I wouldn't be too sure about that. I've definitely had dialogue with llms where it would raise questions along those lines.

Also I disagree with the statement that this is a question about capability. Intent is more philosophical then actuality tangible, because most people don't actually have a clearly defined intent when they take action.

The waters of intelligence have definitely gotten murky over time as techniques improved. I still consider it an illusion - but the illusion is getting harder to pierce for a lot of people

Fwiw, current llms exhibit their intelligence through language and rhetoric processes. Most biological creatures have intelligence which may be improved through language, but isn't based on it, fundamentally.

atleastoptimal an hour ago | parent | prev | next [-]

If your example for an exception to LLM's ability to infer intent is a deliberately misleading trick question that leaves out crucial contextual details, then I'm not sure what you're trying to prove. That same ambiguity in the question would trip up many humans, simply because you are trying as hard as possible to imply a certain conclusion.

As expected, if I ask your question verbatim, ChatGPT (the free version) responds as I'm sure a human would in the generally helpful customer-service role it is trained to act as "yeah you could sue them blah blah depends on details"

However, if I add a simple prompt "The following may be a trick question, so be sure to ascertain if there are any contextual details missing" then it picks up that this may be an emergency, which is very likely also how a human would respond.

dijit 26 minutes ago | parent [-]

If you want to convince yourself that they can infer intent despite the fundamental limitations of the systems literally not permitting it then you can be my guest.

Faking it is fine, sure, until it can’t fake it anymore.
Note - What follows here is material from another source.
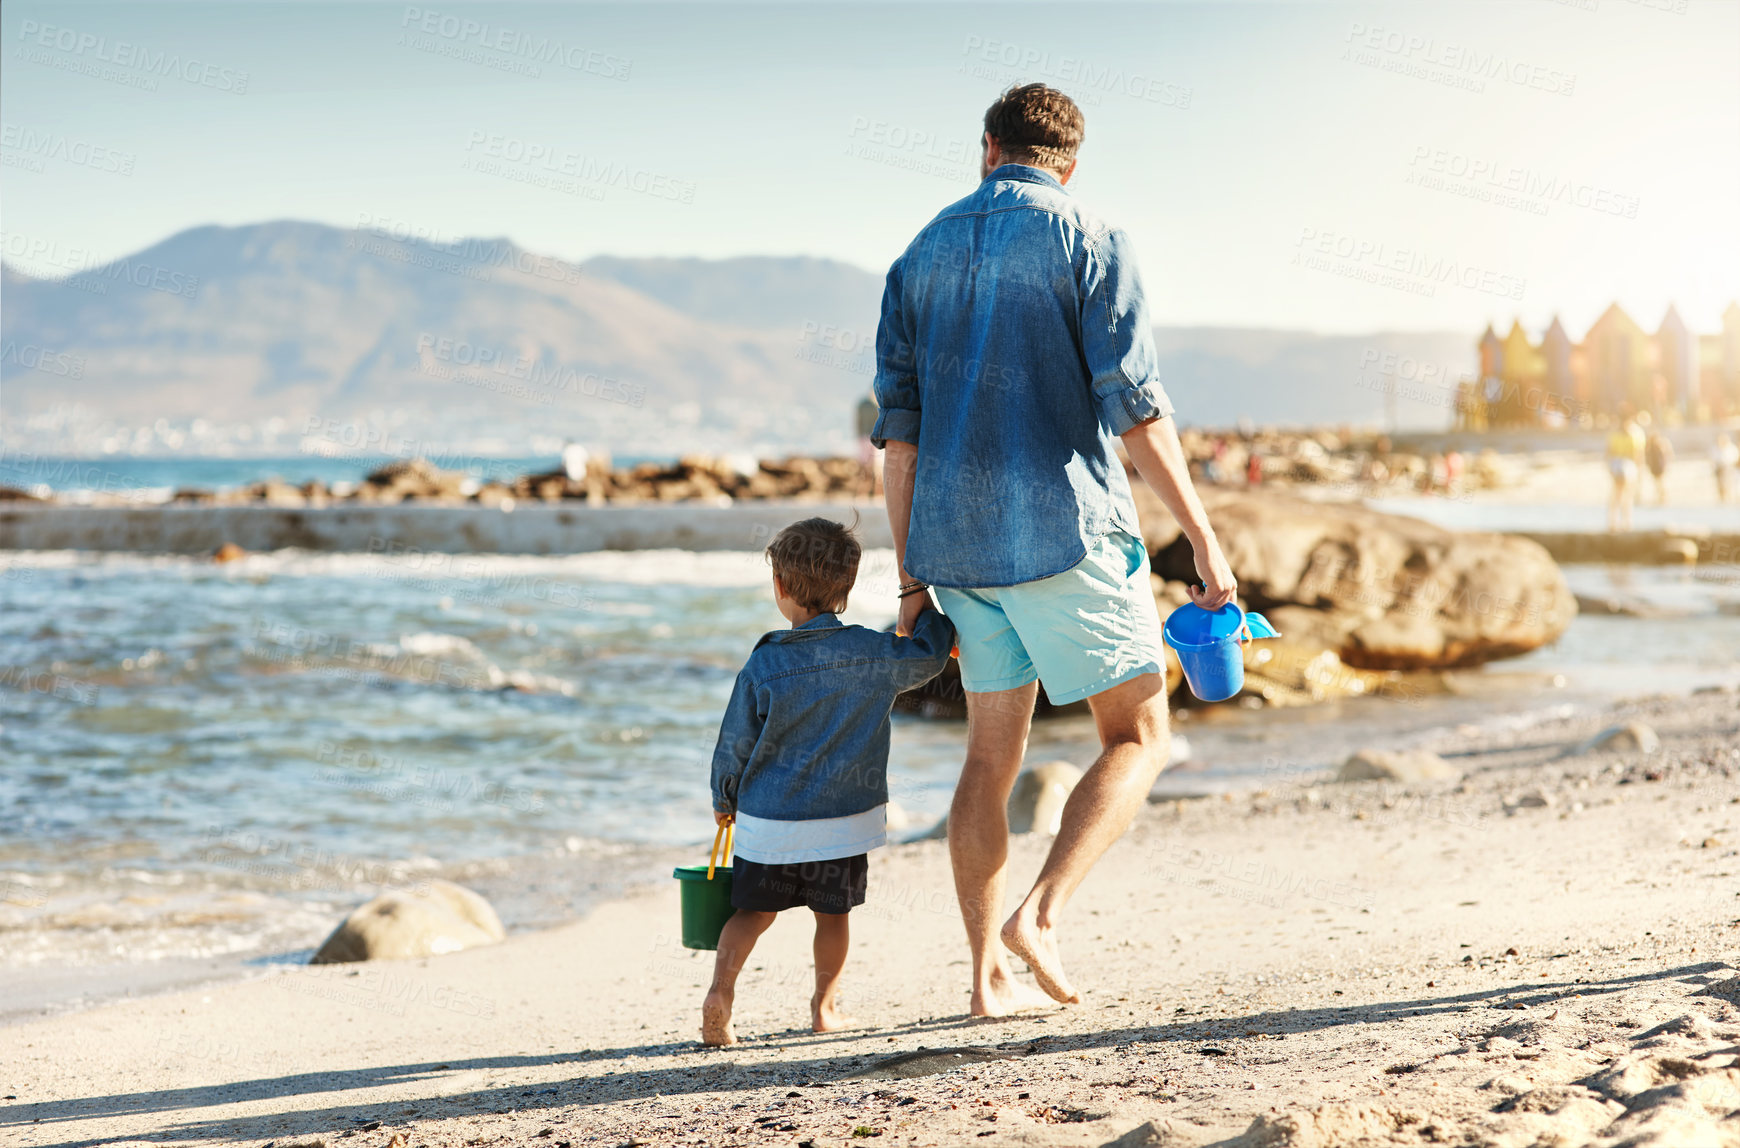 Buy stock photo Rearview shot of a father and his little son bonding together at the beach

Leading the question towards the intended result is very much what I mean: we intrinsically want them to succeed so we prime them to reflect what we want to see.

This is literally no different than emulating anything intelligent or what we might call sentience, even emotions as I said up thread...

Shaanie an hour ago | parent | prev [-]

[dead]

nkrisc an hour ago | parent | prev [-]

Because there are countless instances in the training material where a bank robber scopes out the security cameras.

atleastoptimal an hour ago | parent [-]

What's an example then, you can think of, of a question where a human could infer intent but an LLM couldn't?